Has your child ever vehemently resisted the idea of summer camp? Perhaps between not knowing anyone and having to try new things, they may think the experience is just short of sheer torture!
In the face of our kids’ resistance, it can be hard to insist on our children’s engagement in a summer camp experience. But it’s important to remember the very real benefits of having broader social experiences, stretching in new ways, and trying new skills.
Offering Clear Support
In these moments when our children resist, it’s important to both acknowledge their feelings while also staying firm about what will happen. Often they have an underlying desire to take on a new challenge, and maybe are even experiencing some frustration, perhaps with their own fears and uncertainties.
The process is a bit like what happens with infants on the cusp of crawling. They rock back and forth on their hands and knees, sometimes crying in exasperation. They want to crawl, to move toward some interesting object on the floor, but seem to feel unable to make that first move.
A Path Toward Independence
From birth, our children are on a path toward independence. When they are very young we can clearly see the stages, from being held in arms to sitting, then from sitting to crawling to walking. We witness them begin to babble and then talk. With each new skill, our children develop self-confidence and learn what they are capable of achieving.
The more children have the opportunity to confidently explore their environment, the more they master developmental tasks and establish new skills, all of which help to support a widening sense of independence.
The urge to become independent is strong. As adults, we can be supportive of this natural process, even when our children are entering into activities that feel challenging and even initially unattainable.
Letting Go
If you are exploring summer camp as a step toward independence, be sure to check out Dr. Michael Thompson’s book, Homesick and Happy: How Time Away from Parents Can Help a Child Grow. Thompson clearly outlines how important it is for our children to have their own experiences, especially those that are not under parents’ purview.
This letting go can take great effort for both children and their parents. “Every child has to practice being independent,” reminds Thompson, “and every parent has to practice letting his or her child be independent.”
In order to achieve independence, children need to be able to experiment with what they can do and be able to accurately judge their own limitations and abilities. The summer camp experience, whether overnight or day programming, offers children this chance to push their limits, without worrying about varied reactions from parents.
Their Own Experiences
Thompson conducted hundreds of interviews with campers and former campers for his book, Homesick and Happy, How Time Away from Parents Can Help a Child Grow. Overwhelmingly, children described how their camp experiences helped them realize how strong and competent they really are. Thompson reminds us of the importance of being away from home and out of parents’ loving, yet sometimes overbearing, watchful eye. “When children are away from their parents, they do not have to view their own life and achievements through the lens of my-athlete-father-standing-on-the-sidelines-watching-me or my-mother-is-worried-that-I’ll fail. When a child is on his own, the experience is his alone, the satisfaction belongs only to him and he does not have to filter it through what his parents think and feel.” When in a summer camp program, children can fail, learn, and succeed on their own terms.

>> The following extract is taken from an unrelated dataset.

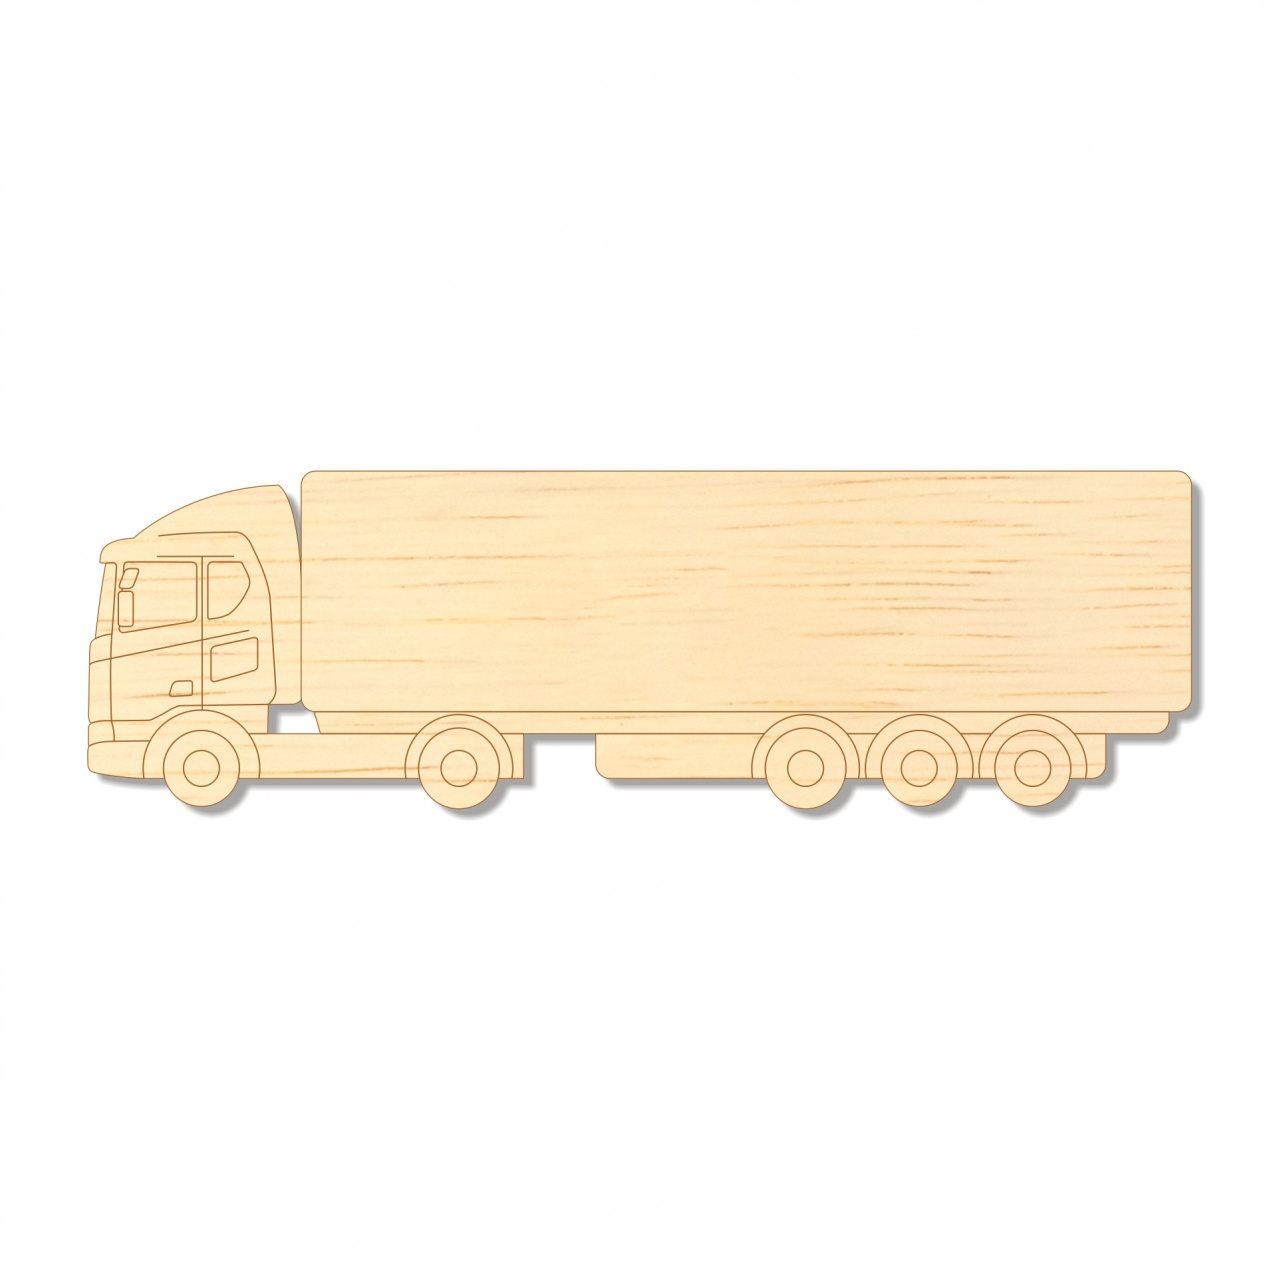 Camion TIR, 20×6 cm, placaj lemn

With an engaged and expanded learning environment that is often extremely experiential, camps help our children realize new abilities and different ways to deal with challenges, which helps them feel more competent and capable. As a result, they build up their problem-solving skills and sense of agency.
Opportunities Abound
In addition, our children get to form healthy new relationships, with peers and friends, as well as adults who are not their parents. In a summer camp atmosphere, children get to practice social skills in a relaxed environment and with adult leaders who can offer different kinds of guidance.
In addition to introducing new people and activities, camp experiences help children learn about their strengths, weaknesses, likes, and dislikes, all of which help them form a strong sense of identity. Finding their strength, as well as making hard-won progress in areas of difficulty, helps children build self-esteem and identify worthwhile hobbies and interests that they can continue to pursue as they get older.
Often children’s response after the camp experience speaks to their awareness of claiming their space and being aware of a parental reaction. For example, one eight-year-old, after the first day of camp, told her camp counselor: “Don’t tell my mom, but summer camp is really fun.”
This summer, let’s offer our children the opportunity to face something that might at first feel uncomfortable, but that offers them so much.